Explorer Uncovered Antarctic’s Mysteries
- 2007 Feb 19
- Times Colonist (Victoria)
- Richard Watts
Sir Ernest Henry Shackleton (Feb. 15, 1874 - Jan. 5, 1922) is probably the most fortunate of all the heroic explorers.
Robert Scott (June 6, 1868 - March 29, 1912) attempted to be the first person to reach the South Pole and then died on the way back to achieve a fame best described as tragic nobility.
Amelia Earhart (July 24, 1897 - July 2, 1937) achieved fame as the first woman to fly solo across the Atlantic. She then disappeared over the Pacific in an attempt to circumnavigate the globe and achieved a kind of wistful, heroic fame.
But Shackleton, born in Ireland and raised in London and a graduate of the merchant navy, lived to bask in the glory of his achievements. He was knighted, famous, feted. And when asked about his failure to reach the South Pole, Shackleton remarked,
Better a live donkey than a dead lion.
Shackleton came from a generation of explorers for whom discovery took a back seat to achieving geographic firsts (the first person to reach the South Pole, the first woman to fly the Atlantic).
After all, Scott owes his lasting fame to his the tragic-dramatic failure to come back alive, dying in the cold a mere 20 kilometres from a supply depot with food and fuel. Scott's death completely overshadows his achievement in reaching the South Pole because he was beaten by the better prepared Norwegian (Roald Amundsen (July 16, 1872 - June, 1928), another big achiever of geographic firsts.
Shackleton achieved his initial series of firsts - the first expedition to the magnetic South Pole, the first ascent of Mount Erebus, an active volcano in the Antarctic, and one of the first humans to cross the Trans-Antarctic Mountain Range - during the 1907-1909 Nimrod Expedition, named after its ship.
It's the hut built during this expedition that is now considered a World Monument and was the subject of Gordon Macdonald's recent repair efforts.
When Shackleton returned to the United Kingdom he was proclaimed a hero and for three years basked in the glory of being
the man who reached furthest to the south.
By 1914, with the South Pole already done, Shackleton was ready to achieve another first, this time to lead the first team to cross Antarctica by way of the pole.
This time, however, the venture had none of the good luck of the Nimrod Expedition. The Imperial Trans-Antarctic Expedition, or Endurance Expedition, if one wants to stay with the ship-naming custom (in this case an appropriate choice), met with early disaster.

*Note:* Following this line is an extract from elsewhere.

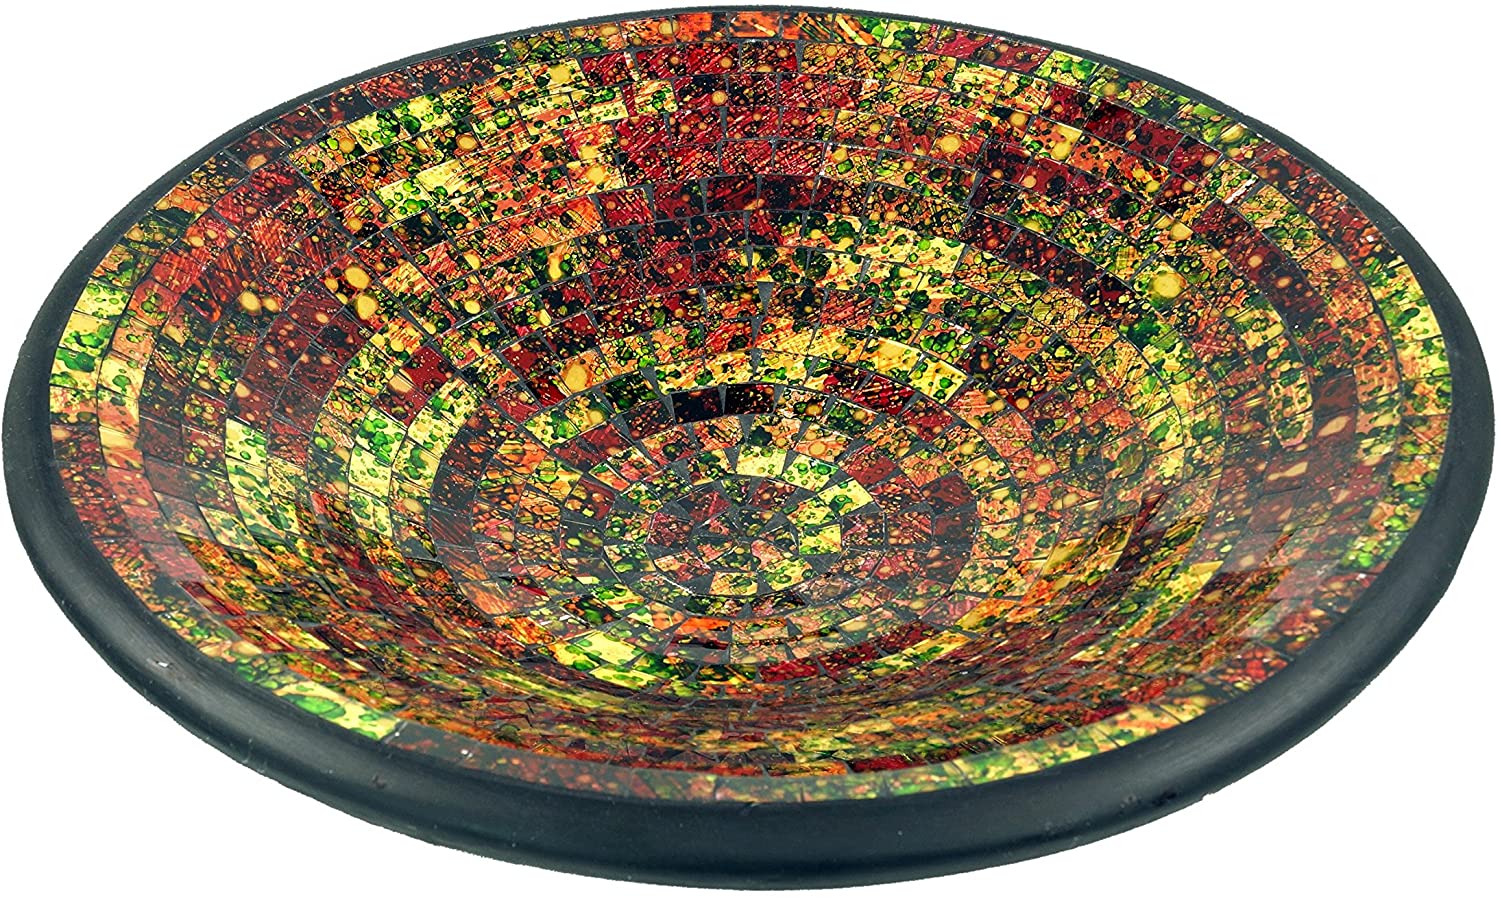 Guru-Shop Round Mosaic Bowl / Coaster - Decorative Bowl - Handmade Ceramic & Glass Fruit Bowls

The Endurance made it to the Antarctic waters but the ice trapped then broke it. Shackleton and his 27 crew members made it out, hauling three small lifeboats and supplies with them.
All of them eventually made it out alive after Shackleton and five other men managed to sail about 1,500 kilometres across some of the roughest and stormiest waters known to reach the island of South Georgia, about 1,400 kilometres east of the Falkland Islands.
Months later he was able to organize a rescue of the remaining Endurance men left behind on the Antarctic, reaching all 22 of them still alive in August 1916.
It was more than a year later when Shackleton returned to Antarctica to rescue 10 members of a support party, who had been stranded two years, after laying supplies intended to feed Shackleton as he crossed the continent. Three of that party died.
In 1921 Shackleton set out again for the Antarctic, this time a more comfortable voyage aboard the ship Quest, in an attempt to circumnavigate the continent by sea.
On Jan. 4, 1922, on reaching South Georgia, Shackleton stood on the bridge, looking through binoculars when he felt pain in his chest. He died moments later of a massive heart attack at the age of 47. He was buried on South Georgia following the wishes of his wife.